Because of the striking similarity between papain-induced emphysema and human panlobular emphysema both morphologically and physiologically and the further similarity between normal canine and human lungs in the disposition of interstitial septal gaps, alveolar macrophages and type 2 cells which we have demonstrated, it would seem prudent to study this convenient model further. The complexities of the pathogenesis of emphysema need to be probed more extensively in the hope that such efforts may lead to rational preventive pharmacotherapy. Understanding each step in the complicated progression from injury to full-blown emphysema would increase the possibility of developing an agent, such as an enzyme inhibitor or one capable of enhancing antiprotease activity or stimulating repair, that might have a positive influence on the prevention of the disease or in slowing or altering its damaging effects.

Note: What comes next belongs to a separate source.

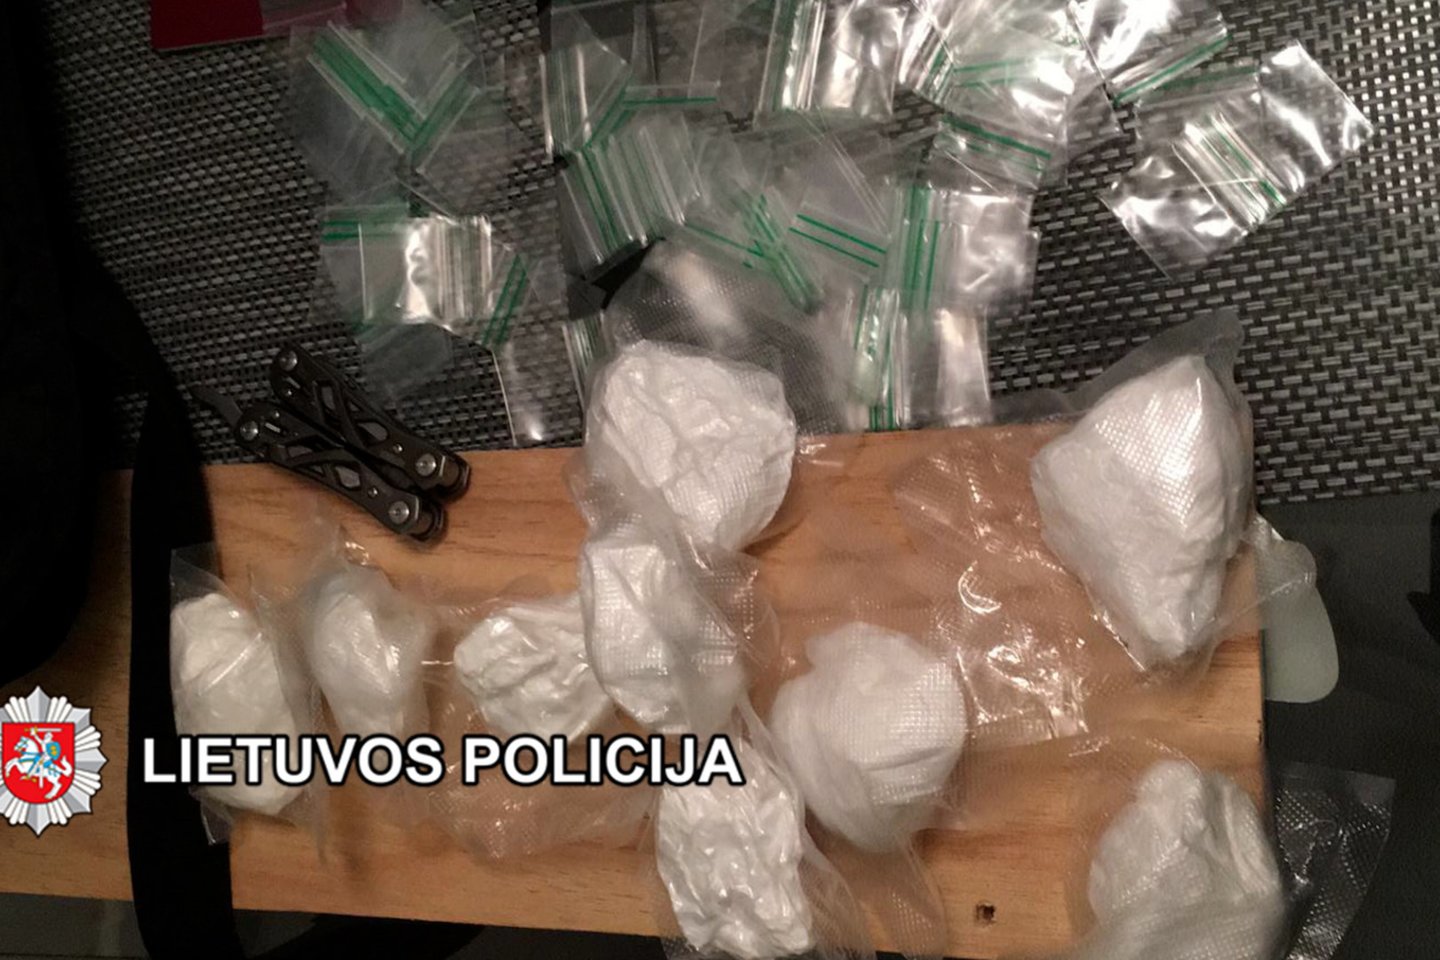  Klaipėdoje bus teisiamas kokaino kontrabandos į Šiaurės Airiją organizatorius.<br> Klaipėdos apskrities VPK nuotr.

We have previously reported evidence favoring the hypothesis that interalveolar pores resulted from the subepithelial degradation of interstitial extracellular matrix. Boren, Pump, Parra et al and Sanderson et al have hypothesized that interalveolar pores were the likely precursors of larger openings, or fenestrae, which have been taken to represent the earliest microscopic findings of pulmonary emphysema. One might therefore expect to find an increase in the prevalence of pores and fenestrae following exposure to papain. That we did not observe this could be accounted for by alveolar collapse and coalescence of alveolar septa, resulting in thickening of the alveolar septum, thus masking the true prevalence of interalveolar pores. Nevertheless, the degree of lung remodeling which might result from pore formation and septal fenestration occurring at septal junctions is theoretically considerably greater than that occurring along the wall between junctions, as shown in Figure 5. buy ortho tri-cyclen
Figure 5. Two-dimensional diagramatic representation of alveolar airspaces as hexagons delineated by alveolar septa. A, hypothesized normal condition. Possible sites of alveolar septal fenestration are shown at S (septum between septal junctions) and J (septal junction). Fenestration at S with retraction of edges of fenestra would theoretically produce coalescence of two airspaces, as shown in B. Fenestration of the septal junction w’ith retraction of the edges of the fenestra would produce coalescence of three airspaces, and hence more rapid lung remodeling, as shown in C.